**** Data section ****

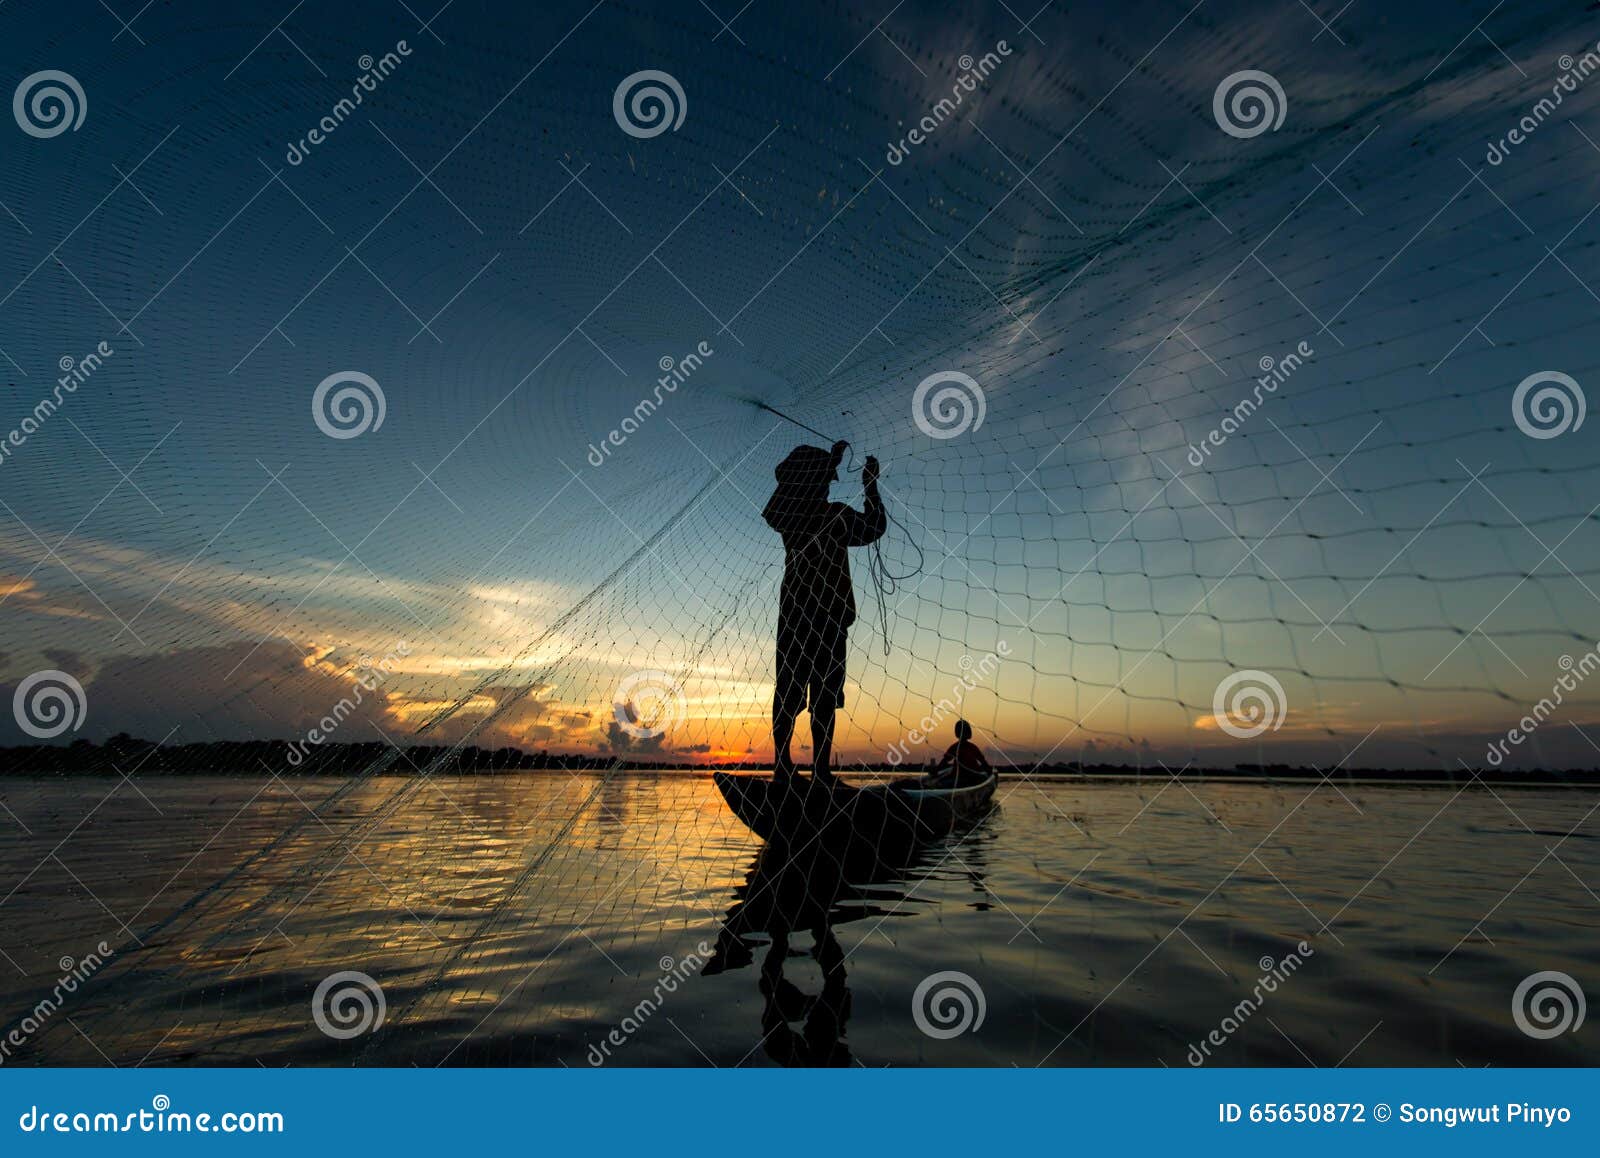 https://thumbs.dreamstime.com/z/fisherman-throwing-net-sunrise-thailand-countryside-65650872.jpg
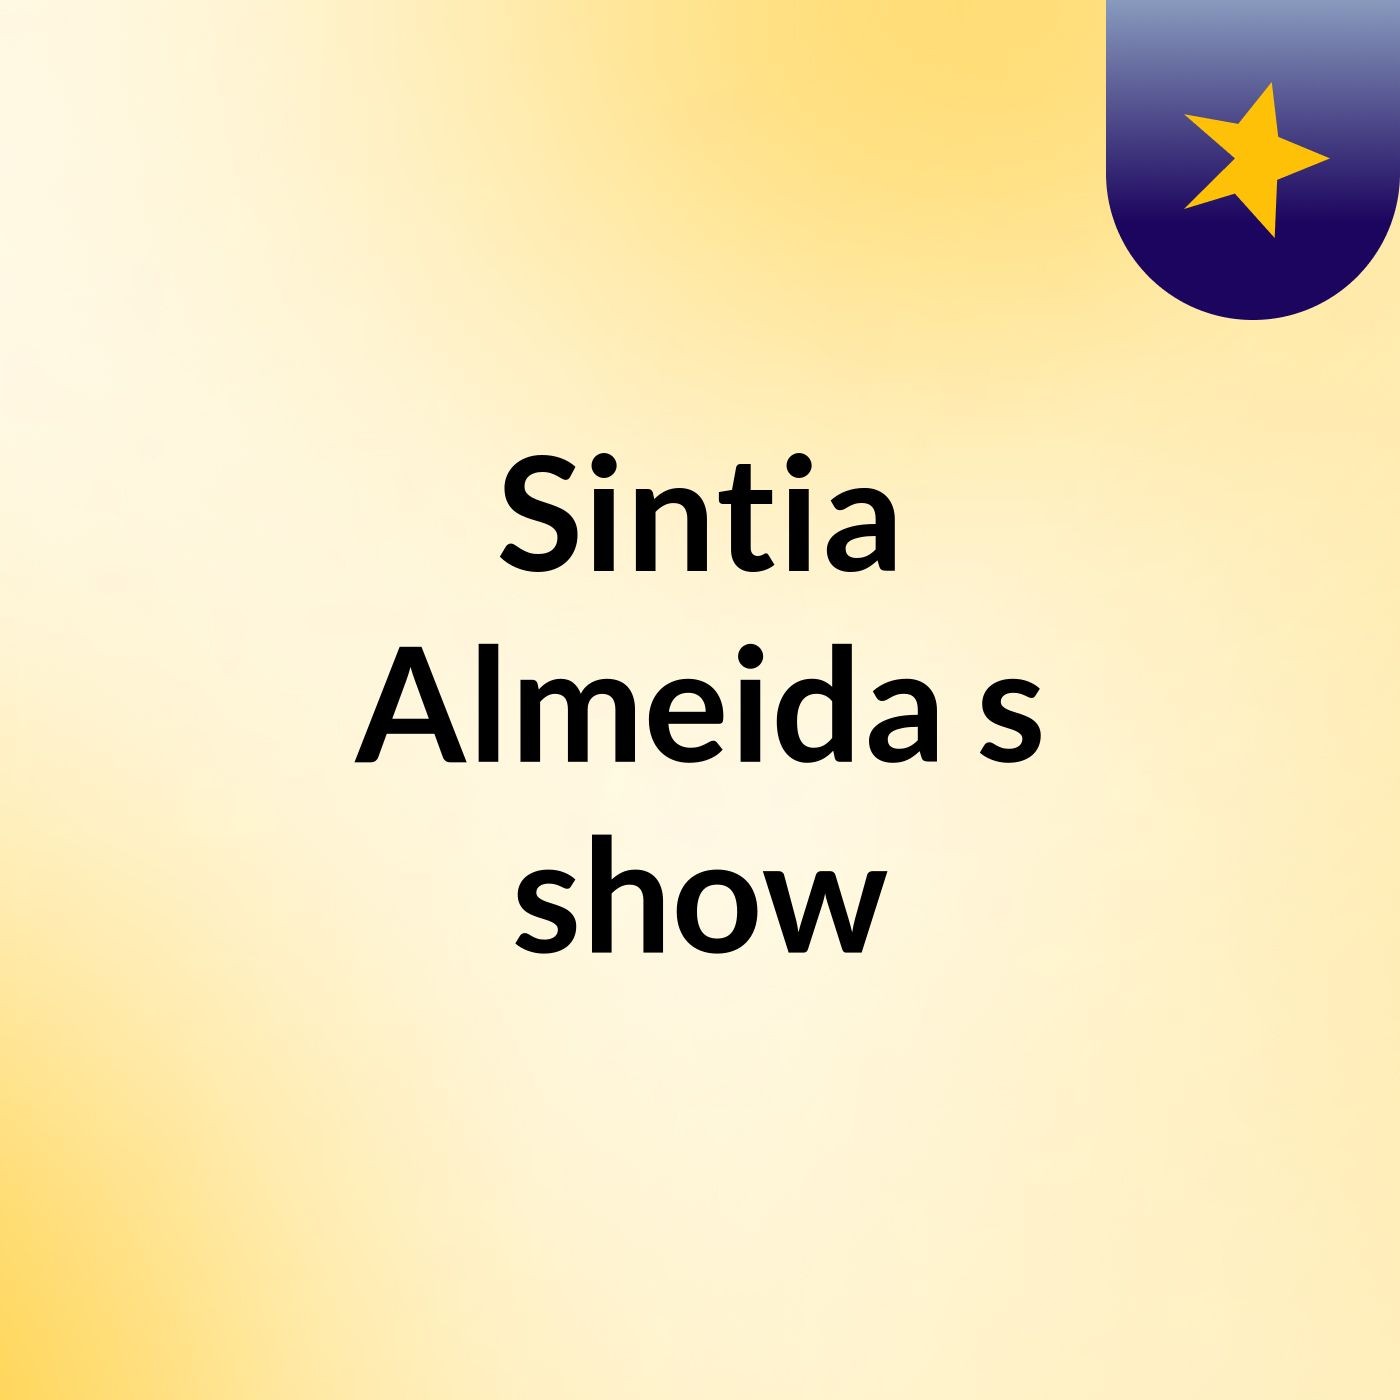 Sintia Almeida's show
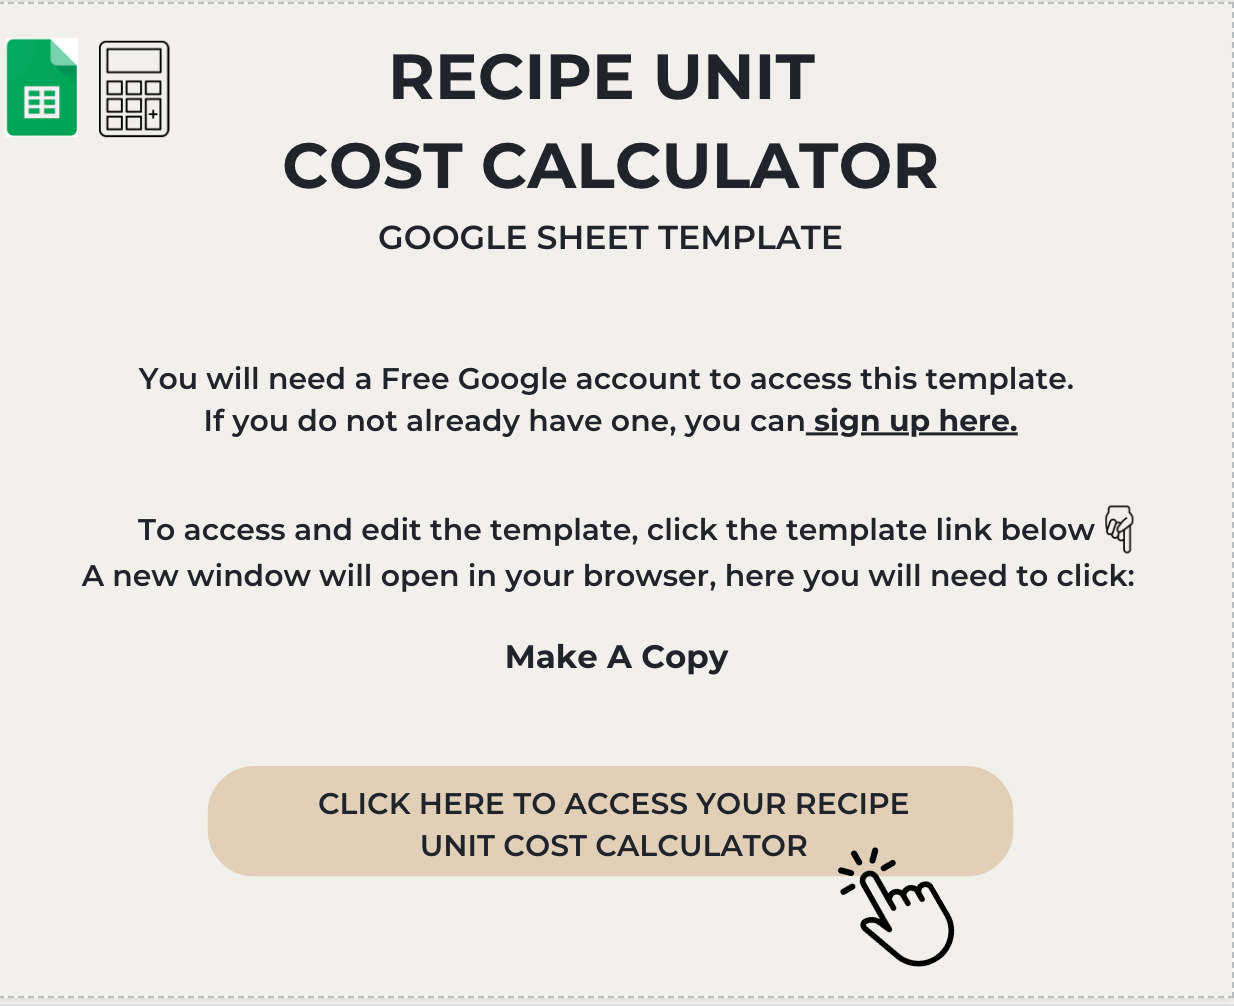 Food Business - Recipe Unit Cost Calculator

****

(Task prompt):
From the line containing "Sintia Almeida's show" to the end of the data above, give those lines again verbatim, with both endpoints included and no images.

(Exercise answer):
 Sintia Almeida's show
 Food Business - Recipe Unit Cost Calculator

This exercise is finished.